Prototype risch_integrate() function ready for testing!

So today I finally finished up the prototype function I talked about last week. The function is called risch_integrate() and is available at my integration3 branch. Unlike the inner level functions I have showcased in previous blog posts, this function does not require you to do substitution for dummy variables and manually create a list of derivatives, etc. All you have to do is pass it a function and the integration variable, and it will return the result, just like normal integrate(). I have spent the past few days working on a monster of a function called build_extension() that does this preparsing work for you. The reason that the function was so hard to write is that the transcendental Risch Algorithm is very picky. Every differential extension has to be transcendental over the previous extensions. This means that if you have a function like $e^x + e^{\frac{x}{2}}$, you cannot write this as $t_0 + t_1$ with $t_0=e^x$ and $t_1=e^{\frac{x}{2}}$ because $t_0$ and $t_1$ will each be algebraic over the other ($t_0=t_1^2$). You also cannot let $t_0=e^{x}$ and rewrite the whole integral in terms of $t_0$ because you will get $t_0 + \sqrt{t_0}$, which is an algebraic function. The only way that you can do it is to let $t_0=e^{\frac{x}{2}}$, and then your function will be $t_0^2 + t_0$.

Now, fortunately, there is an algorithm that provides necessary and sufficient conditions for determining if an extension is algebraic over the previous ones. It’s called the Risch Structure Theorems. My first order of business this week was to finish implementing these. This is actually the reason that I we had to wait until now to get this prototype function. The Structure Theorems are at the very end of Bronstein’s book, and the integration algorithm is not correct without them (namely, it is not correct if you add an algebraic extension). I just recently got to them in my reading. Actually, I skipped some work on tangent integration so I could get to them first. I hope to talk a little about them in a future “Risch Integration” blog post, though be aware that they require some extremely intense algebraic machinery to prove, so I won’t be giving any proofs.

Even though these algorithms can tell me, for example, that I shouldn’t have added $t_0=e^x$ above because it makes $e^{\frac{x}{2}}=\sqrt{t_0}$, that means that I have to go back and restart my search for an extension so that I can try to get $t_0=e^{\frac{x}{2}}$ instead. So I wrote a simple function that takes the arguments of the exponentials and determines the lowest common factor. This heuristic saves a lot of time.

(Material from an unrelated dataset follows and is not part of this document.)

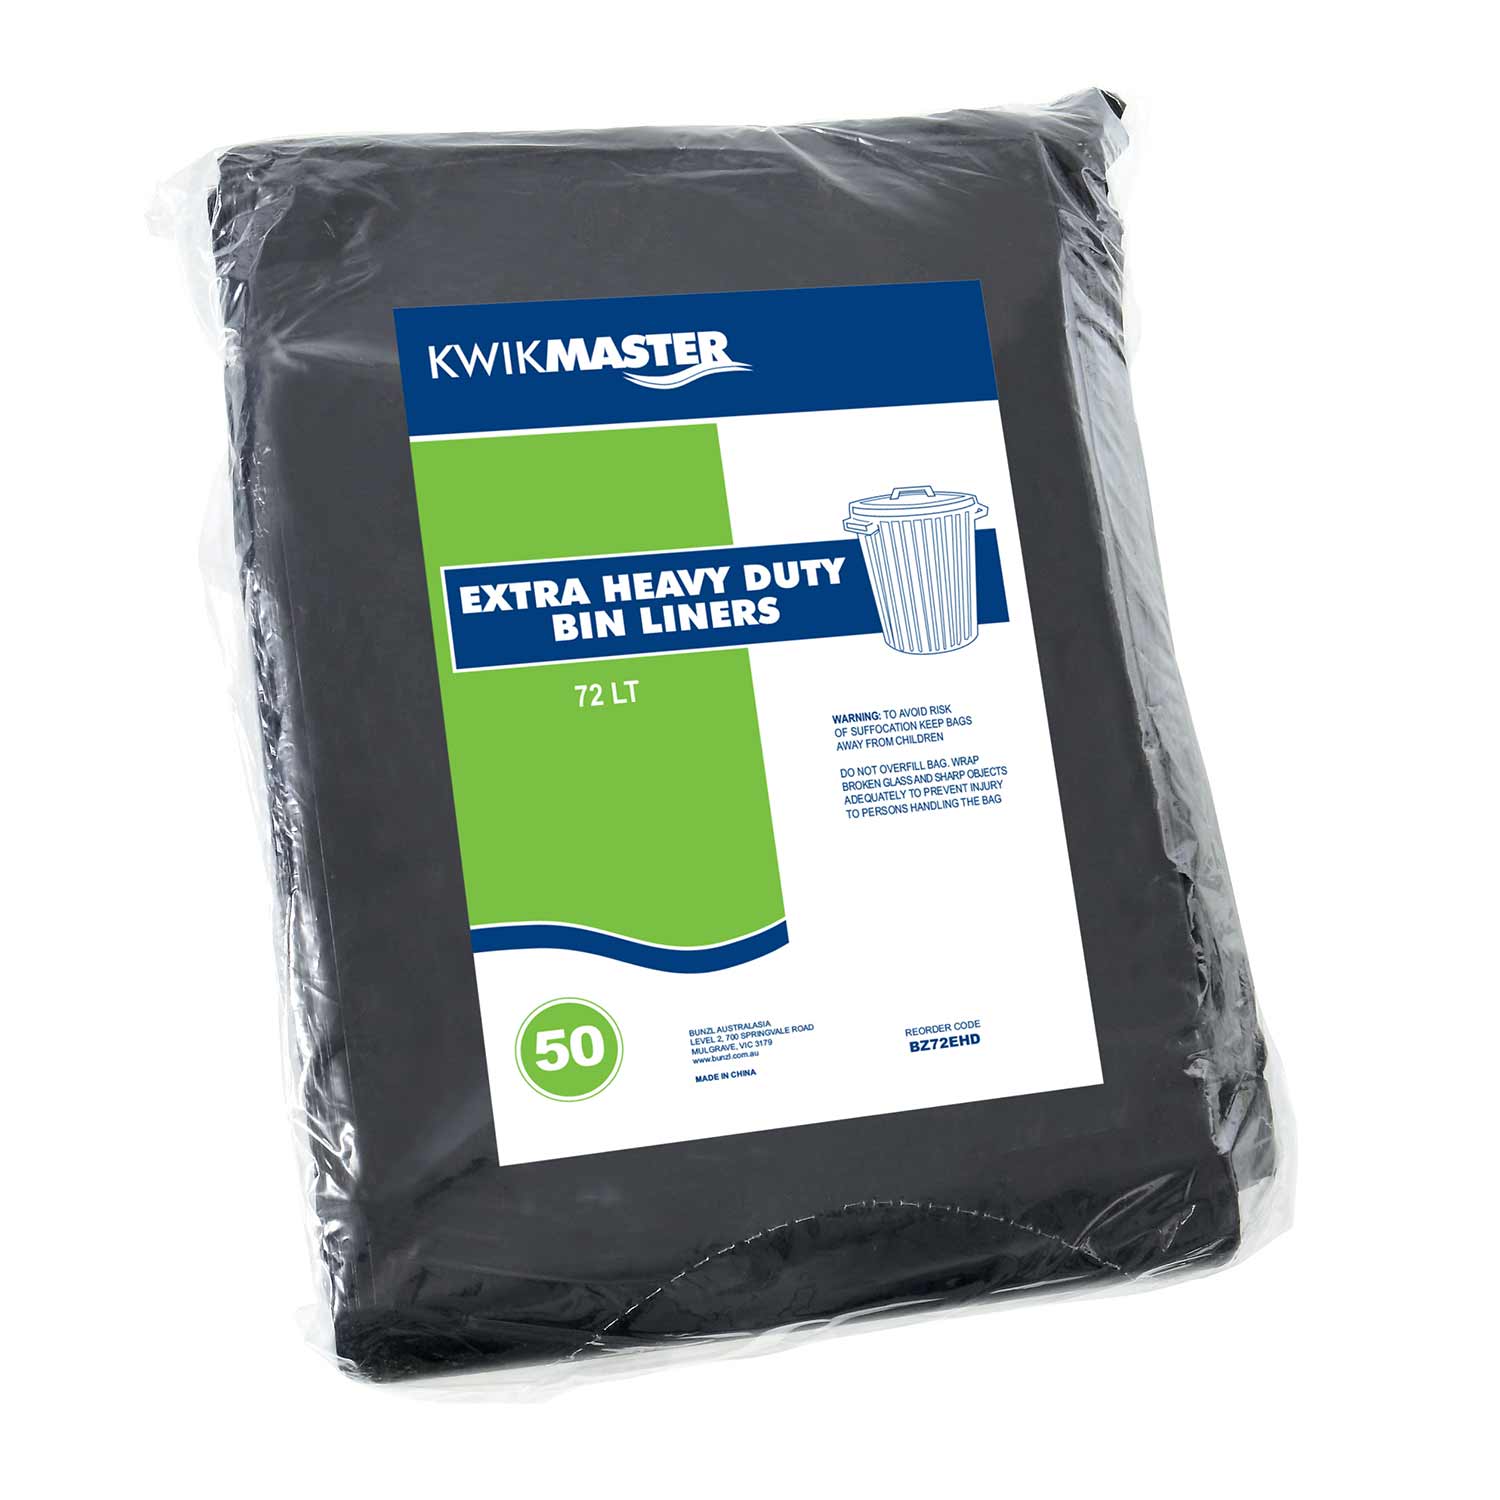 Kwikmaster Kwikmaster Bin Liner Extra Heavy Duty - CT/250 Cleaning Products

I also noticed (actually, Chris Smith inadvertently pointed it out to me; super thanks to him), that the Structure Theorem algorithms only tell you if the terms are the same as monomials. It would tell you that $e^x = e^{x + 1}$ because both satisfy $Dt=t$. Therefore, I had to also modify the structure theorem algorithms to pull out any constant term.

It can still be necessary to restart building the extension even with the above heuristic. For example, if you have $e^x + e^{x^2} + e^{\frac{x}{2} + x^2}$, and start with $t_0=e^x$ and $t_1=e^{x^2}$, then the structure theorems will tell you that $e^{x/2 + x^2} = \sqrt{t_0}t_1$, which we cannot use because of the radical. The solution it uses is to split it up as $e^x + e^{x^2} + e^{\frac{x}{2}}e^{x^2}$ (the structure theorems tell you exactly how to do this so you are splitting in terms of the other exponentials) and then restart the extension building entirely. This can be an expensive operation, because you have to rebuild $t_0$ and $t_1$, but this time, the heuristic function I wrote from above handles the $e^{\frac{x}{2}}$ correctly, making $t_0=e^{\frac{x}{2}}$, with the final answer $t_0^2 + t_1 + t_0t_1$. I could have probably made it smarter by only going back to before the conflicting extensions, but this was quite a bit more work, and adds more difficulties such as non-trivial relationships, so I just took the lazy way and restarted completely. It doesn’t take that much time.

Of course, sometimes, you cannot add a new exponential, no matter how you add the extensions. The classic example is $e^{\frac{\log{(x)}}{2}}$, which you can see is actually equal to $\sqrt{x}$, an algebraic function. Therefore, I had to implement some tricky logic to keep the build_extension() function from trying again infinitely. I hope I did it right, so that it never infinite loops, and never fails when it really can be done. Only time and testing will tell.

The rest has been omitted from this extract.